What most people doesn't know, that typical arcade games like Streetfigther or Turrican were released for MS-DOS as well. And the graphics was comparable to gaming consoles. The most advanced DOS games were programmed around the year 1996. In that area, DOS was replaced by Windows and the commercial publisher stopped to develop more games. What makes MS-DOS unique from other gaming plattforms is, that amateurs and professional programmer can write software for this platform. All what the newbie needs is a descent C compiler, a graphics library and he can write any game he likes.

MS-DOS combines a gaming platform with an open architecture. This makes the environment superior to Commodore 64 or the Sega Megadrive. An outdated MS-DOS machine is the ideal gaming system which can tell a lot about computing history.
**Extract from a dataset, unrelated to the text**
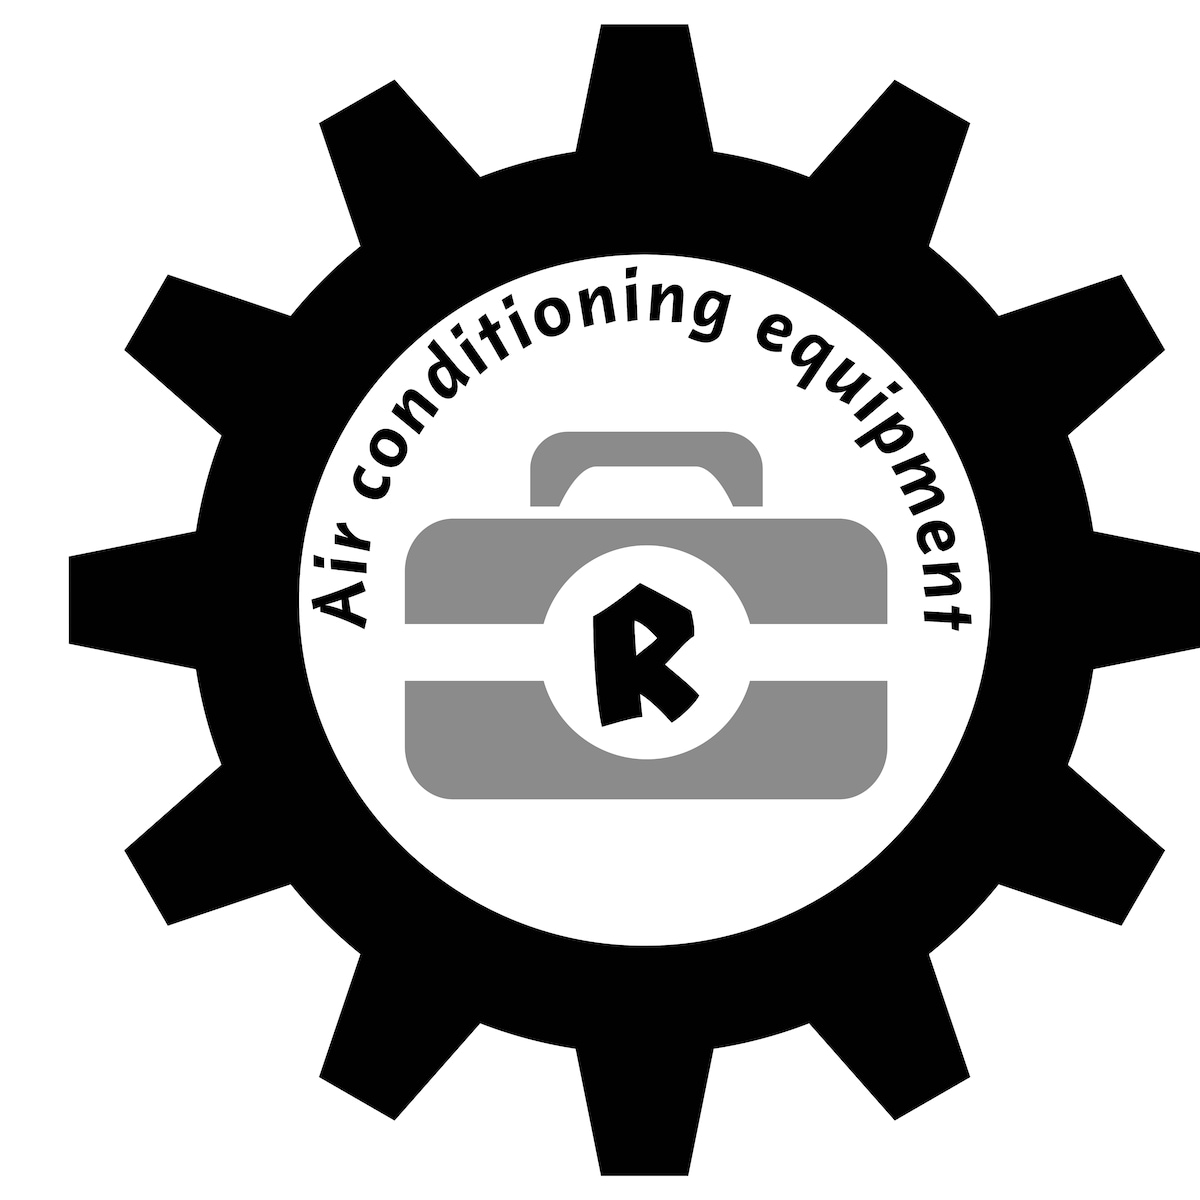 株式会社R(アール)空調設備様のロゴデザイン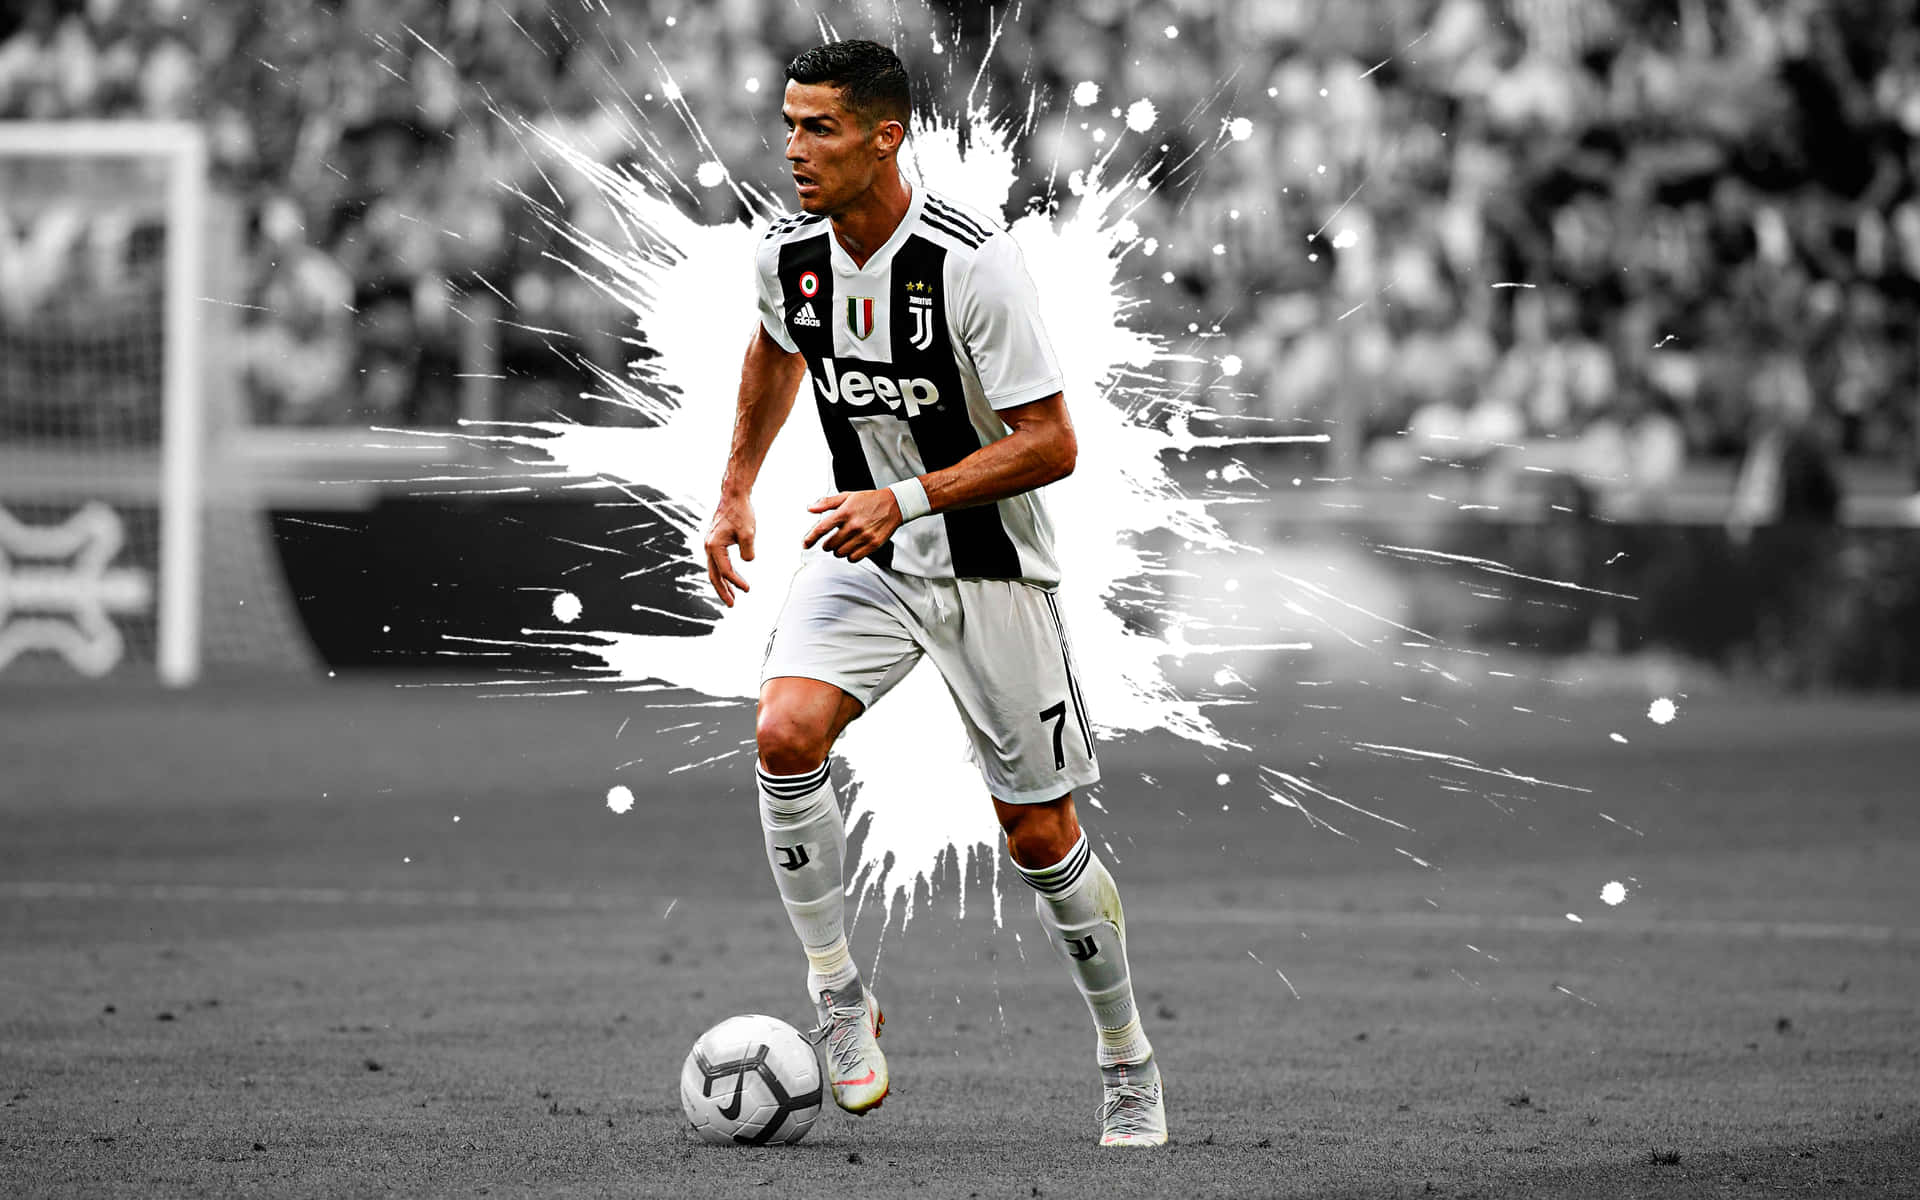 Ronaldo Dynamic Soccer Action Juventus Wallpaper

Do we have operating systems at all?

A common told story is, that many different operating systems are available and the customer can choose between them. Examples for operating systems are Mac OS, Windows 10, iOS or AIX. But are these software products real operating systems? Sure, it's a rhetorical question which asks what the difference is between propriatary firmware which runs only on a specific hardware over a true operating system which runs on different hardware from different manufactorer.

Let us make a simple experiment and we are take the Windows 10 firmware and are trying it to install on a IBM/z system which is the latest mainframe which runs with the power9 cpu. Will it work out of the box? Or let us take the Mac OS X firmware and install it on a Rasberry PI microcontroller, do we see the bootup logo from Apple? Or let us take the Xbox One firmware and install it on an outdated Pentium III PC, can we do it?

Somebody who is bit familiar with the different hardware systems will answer that it's not possible and even the attempt in doing so shows, that we haven't understand what the purpose of Mac OS and the other programs is. And indeed we have interpreted their purpose the wrong way. The idea was, that Windows 10, Mac OS X or the Xbox one Firmware is an operating system and as a result it is able to run on different hardware. We have ignored, that the term operating system doesn't fit to these programs. That means, Windows 10 or the other example were never designed as a standard operating system which makes things easier for the customer, but they were created as a hardware dependent, company dependent firmware which is similar to the AmigaOS useless, if the underlying company is dead.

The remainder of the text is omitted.